Наконец, на обочине мелькнул покосившийся указатель, на котором едва можно было разобрать слова: «Черный Бор». Деревня встретила ее не просто упадком, а ощущением забвения, доведенного до абсолюта. Первым делом она увидела сгоревший сруб, почерневшие бревна которого торчали, как ребра мертвого великана. Потом — ряд покосившихся изб с заколоченными окнами. Жизнь теплилась лишь в центре, где стоял кирпичный магазин с вывеской «Продукты», исписанной нецензурными словами.

У магазина, на ржавой лавочке, сидели трое. Двое мужиков в засаленных телогрейках и старый дед в картузе, с лицом, как высохшая яблочная кожура. Разговор их оборвался в тот момент, когда машина такси, притормозив, подняла облако пыли. Шесть глаз уставились на Алису. Не с любопытством. С тяжелым, безразличным знанием. Они смотрели на нее, как смотрят на дождь, который вот-вот польет, — явление неприятное, но неизбежное.

Алиса, чувствуя себя непрошеной актрисой на чужой сцене, вышла из машины. Хруст гравия под подошвами туфель прозвучал неприлично громко.

«Здравствуйте, — сказала она, стараясь, чтобы голос звучал уверенно и нейтрально. — Подскажите, пожалуйста, где здесь дом Варвары Игнатьевны?»

Мужики переглянулись. Дед в картузе медленно поднял на нее взгляд. Глаза были мутными, словно затянутыми дымкой.

«Варварина-то? — проскрипел он. — На отшибе. Крайняя. К лесу. Тебе на кой?»

«Я ее внучка. По наследству».

Наступила тишина.

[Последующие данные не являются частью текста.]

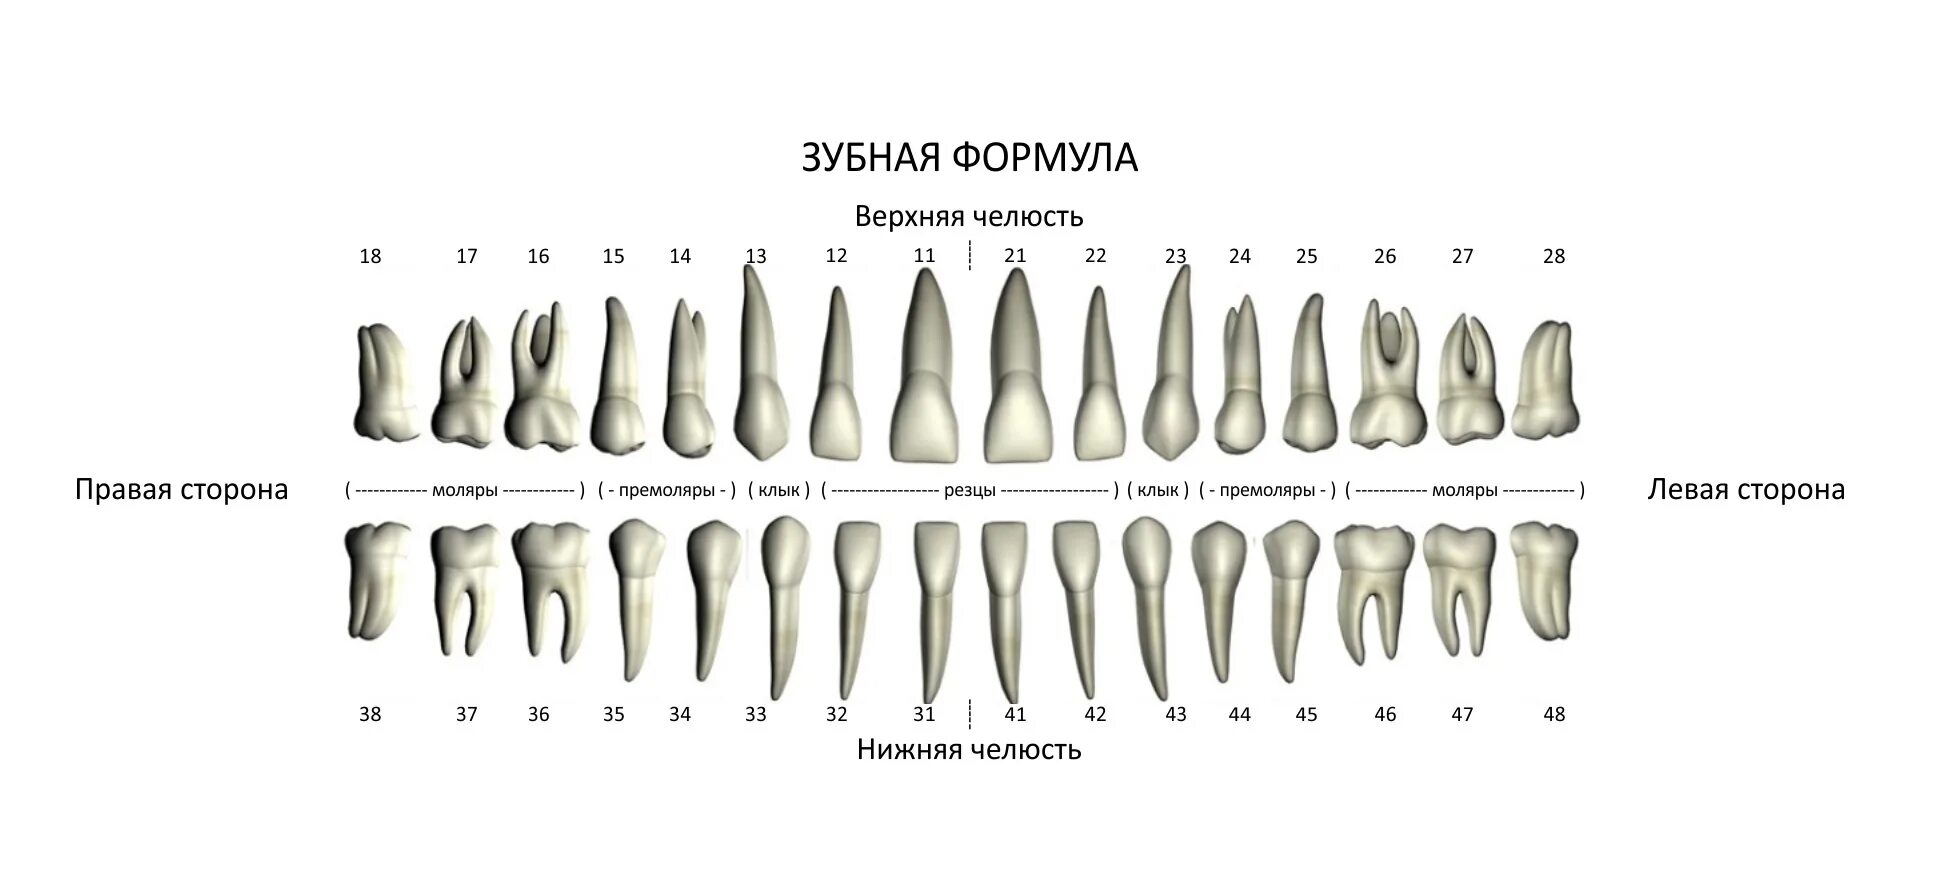 3 5 8 зуб. Анатомическая зубная формула постоянных зубов. Формула зубов резцы моляры премоляры. Зубная формула по воз молочных зубов. Зубная формула зуба 1.1 обозначает:.

Один из мужиков, тот, что покрупнее, с лицом, напоминающим застывшее тесто, сплюнул в пыль.

«Наследство, — буркнул он. — Одно наследство тут у вас было. И то сгинуло».

Алиса не поняла, но настаивать не стала. «Спасибо», — кивнула она и пошла к машине, чувствуя их взгляды у себя в спине. Она слышала, как дед прошептал что-то, от чего у мужиков вытянулись лица. Она разобрала только одно слово: «Берегиня».

Дом бабушки Варвары оказался на самом краю деревни, там, где тропинка тонула в черной чаще леса. Не избушка на курьих ножках, а старый, но крепкий сруб, почерневший от времени и влаги. Крыша была покрыта мхом, труба печная криво торчала, как сломанная кость. Но окна были целы, и на них висели старомодные, но чистые занавески.

Алиса расплатилась с таксистом, который смотрел на все это с нескрываемым опасением, и осталась одна. Ключ, полученный от юриста, с скрипом повернулся в замке. Дверь, тяжелая, дубовая, отворилась с протяжным стоном.

ГЛАВА 2. ШЕПОТ В СТЕНАХ

Первые лучи утра, грязно-желтые и холодные, пробились сквозь щель под дверью кладовки. Они не несли с собой утешения, лишь подсвечивали пыль, висевшую в воздухе густой завесой. Алиса не спала. Каждый мускул ее тела ныл от напряжения, веки были тяжелыми, как свинец, а в висках стучала ровная, монотонная боль. Но в голове, вопреки усталости, было ясно и холодно.

Ночной ужас не испарился с рассветом. Он отступил, превратился из острого приступа паники в хроническую, фоновую боль. Лицо за окном. Шепот на чердаке. Они были реальны. Она не сомневалась в этом больше. Ее старый мир, мир цифровых календарей и бизнес-планов, остался где-то там, за темным лесом. Здесь действовали другие законы.

Она вышла из кладовки, чувствуя себя побитой. Горница в утреннем свете казалась менее зловещей, но не менее чужой. Пальто все еще висело на окне, и она не нашла в себе сил его убрать. Первым делом она проверила дверь — засов был на месте, сундук не сдвинут. Затем, собрав всю свою волю, она подошла к лестнице, ведущей на чердак.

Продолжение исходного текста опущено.